What you are asked to do → Go through the data below and transcribe it exactly. Omit the images.

Collected material →
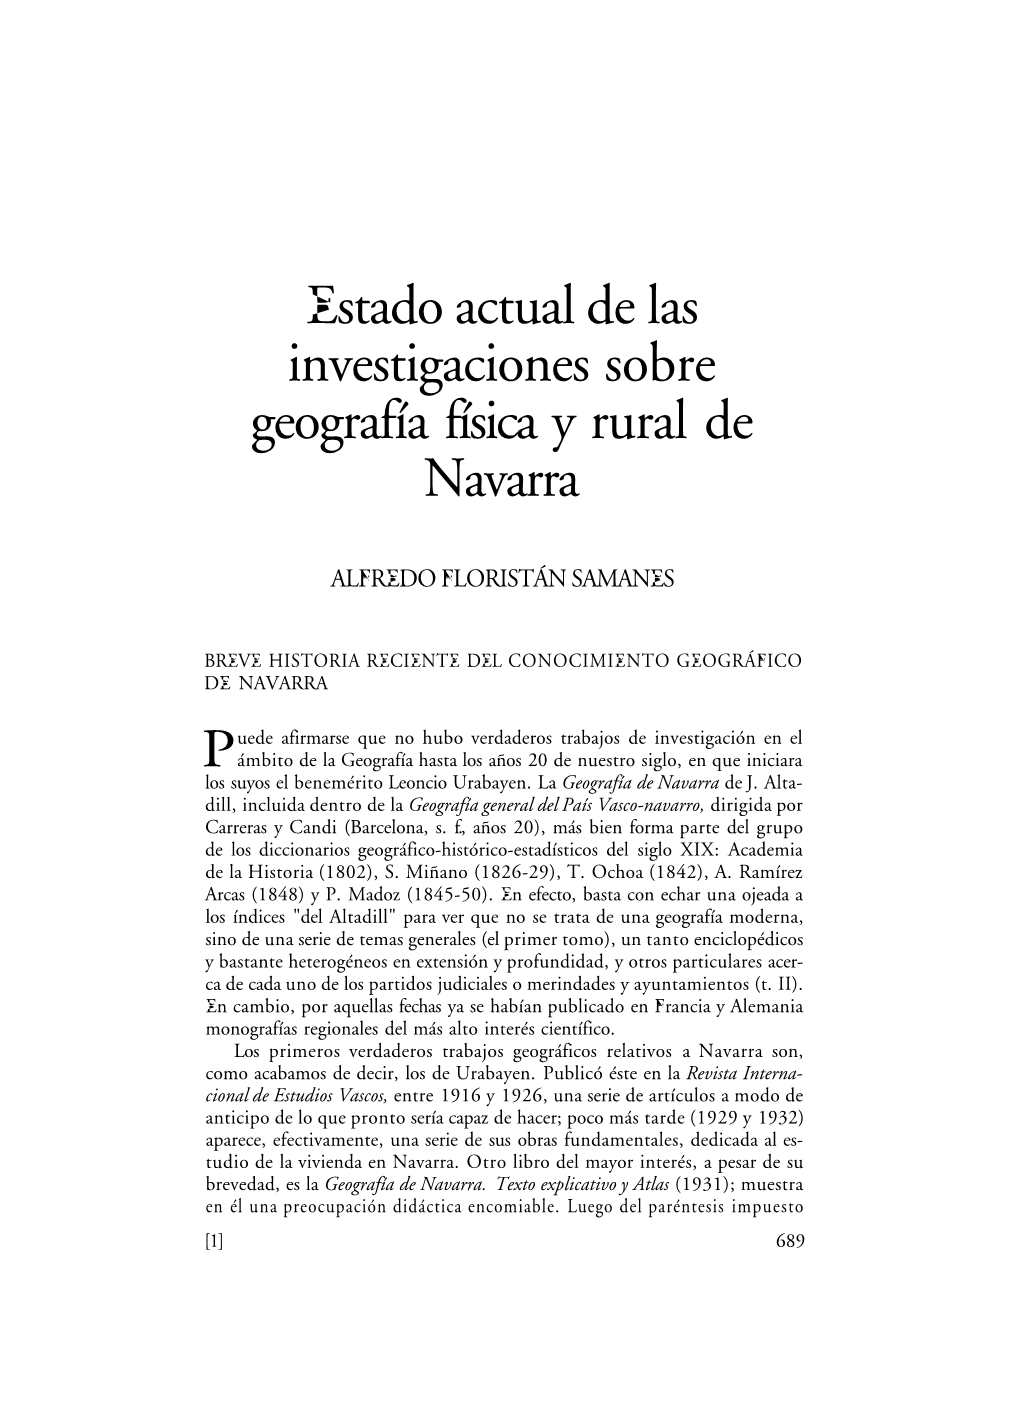 Estado Actual De Las Investigaciones Sobre Geografía Física Y Rural De Navarra
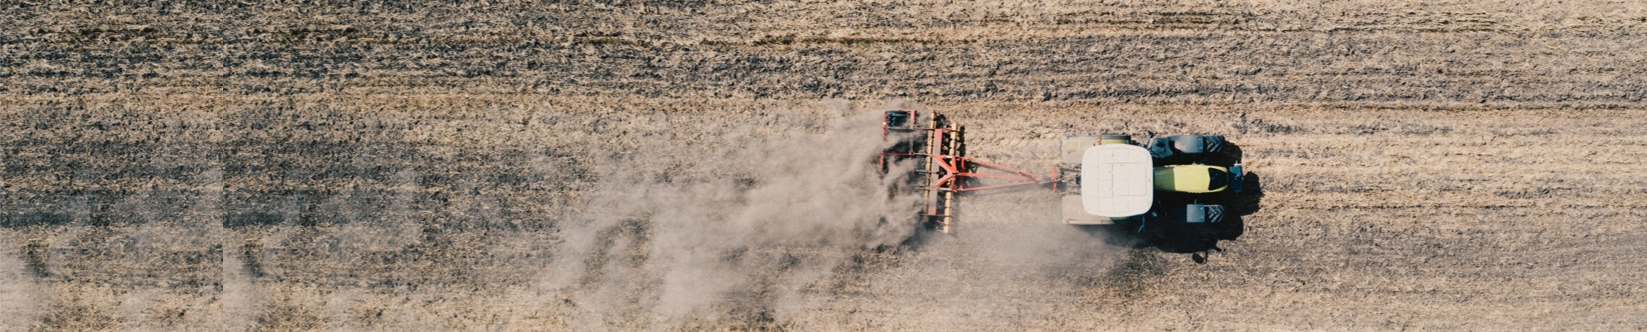 A legutóbbi fejlesztések a talajművelés-technológiában
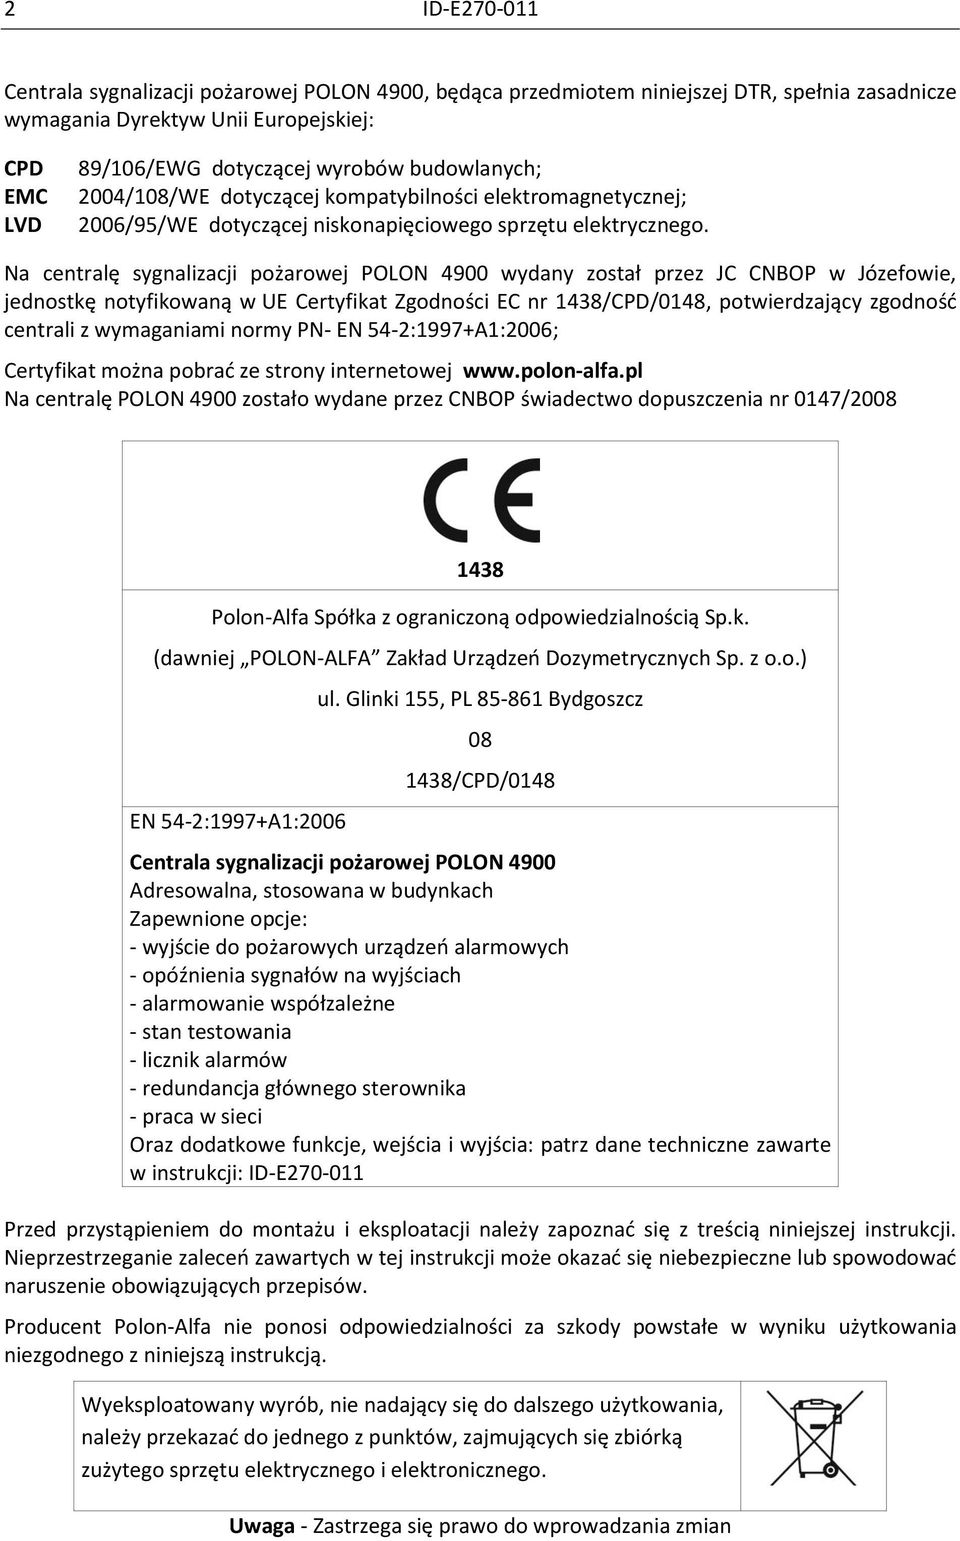 Na centralę sygnalizacji pożarowej POLON 4900 wydany został przez JC CNBOP w Józefowie, jednostkę notyfikowaną w UE Certyfikat Zgodności EC nr 1438/CPD/0148, potwierdzający zgodność centrali z
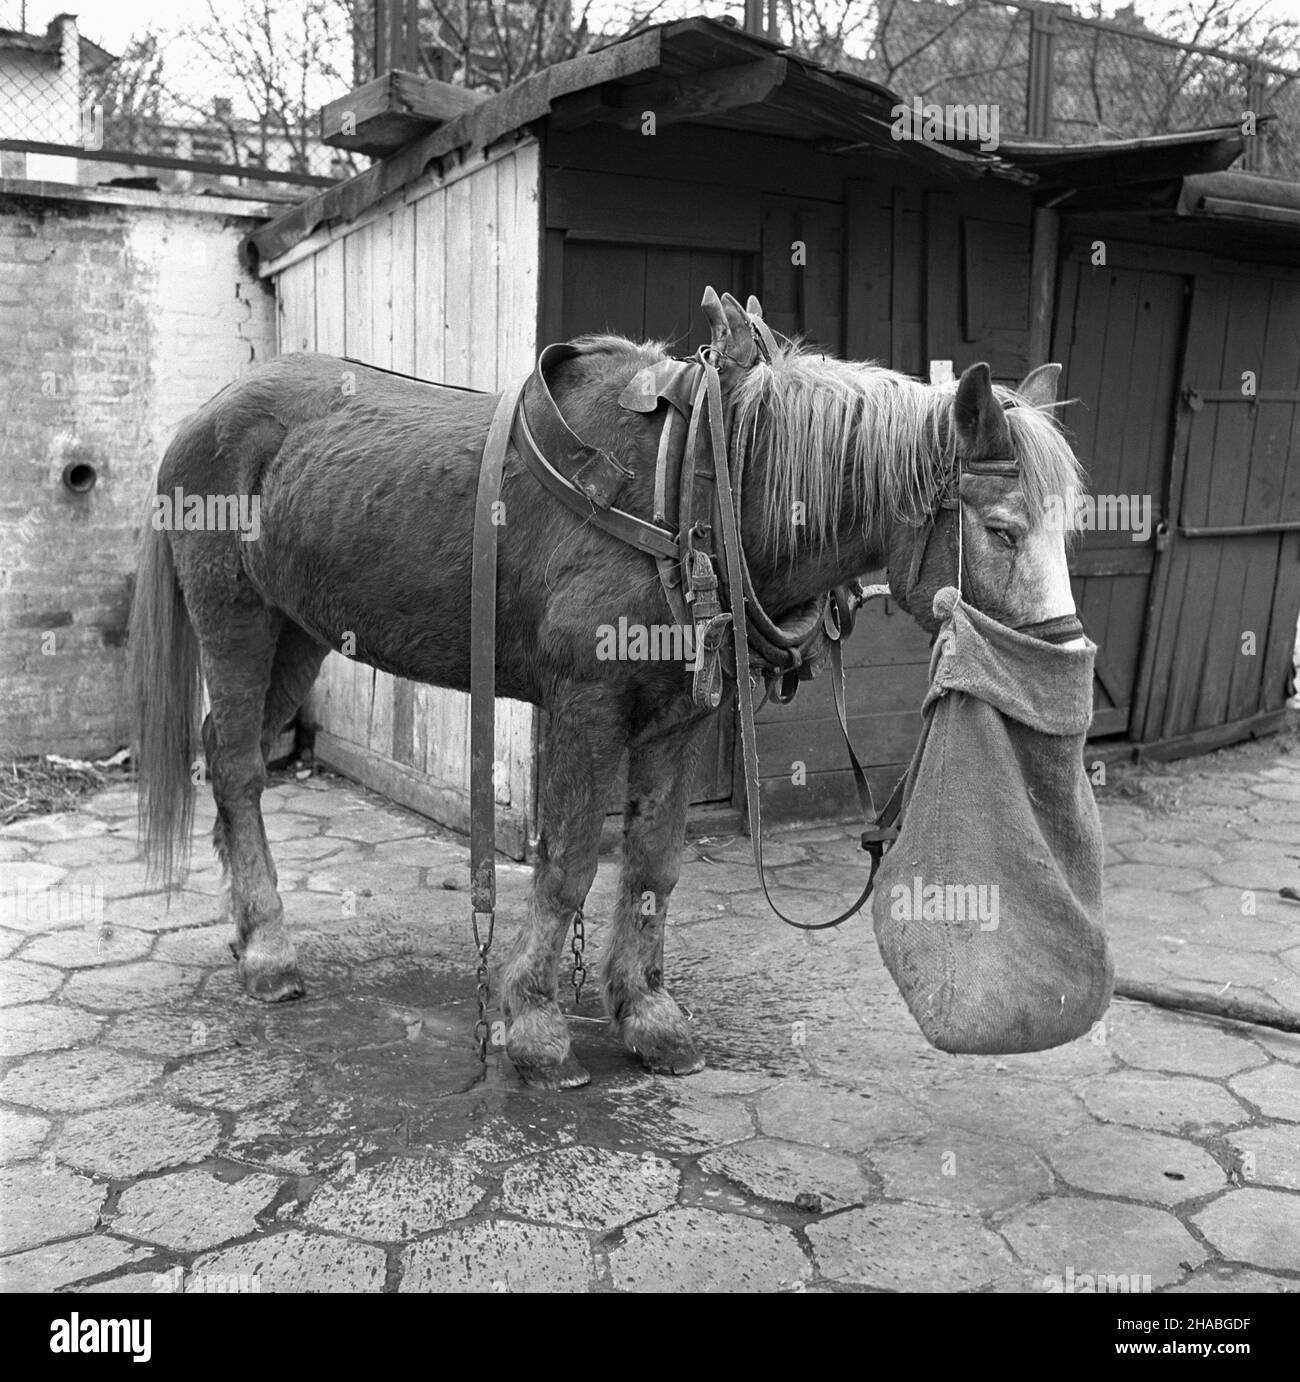 Warszawa, 1969-10-01. Konie na targu ¿ywnoœci w Warszawie. Nz. zmêczony, wynêdznia³y koñ. mb  PAP/Boles³aw Miedza    Dok³adny dzieñ wydarzenia nieustalony.      Warsaw, Oct. 1, 1969. Horses at a food market in Warsaw. Pictured: a tired, haggard horse.  mb  PAP/Boleslaw Miedza Stock Photo

Exercise result →
 Estado Actual De Las Investigaciones Sobre Geografía Física Y Rural De Navarra
 A legutóbbi fejlesztések a talajművelés-technológiában
 Na centralę sygnalizacji pożarowej POLON 4900 wydany został przez JC CNBOP w Józefowie, jednostkę notyfikowaną w UE Certyfikat Zgodności EC nr 1438/CPD/0148, potwierdzający zgodność centrali z
 Warszawa, 1969-10-01. Konie na targu ¿ywnoœci w Warszawie. Nz. zmêczony, wynêdznia³y koñ. mb  PAP/Boles³aw Miedza    Dok³adny dzieñ wydarzenia nieustalony.      Warsaw, Oct. 1, 1969. Horses at a food market in Warsaw. Pictured: a tired, haggard horse.  mb  PAP/Boleslaw Miedza Stock Photo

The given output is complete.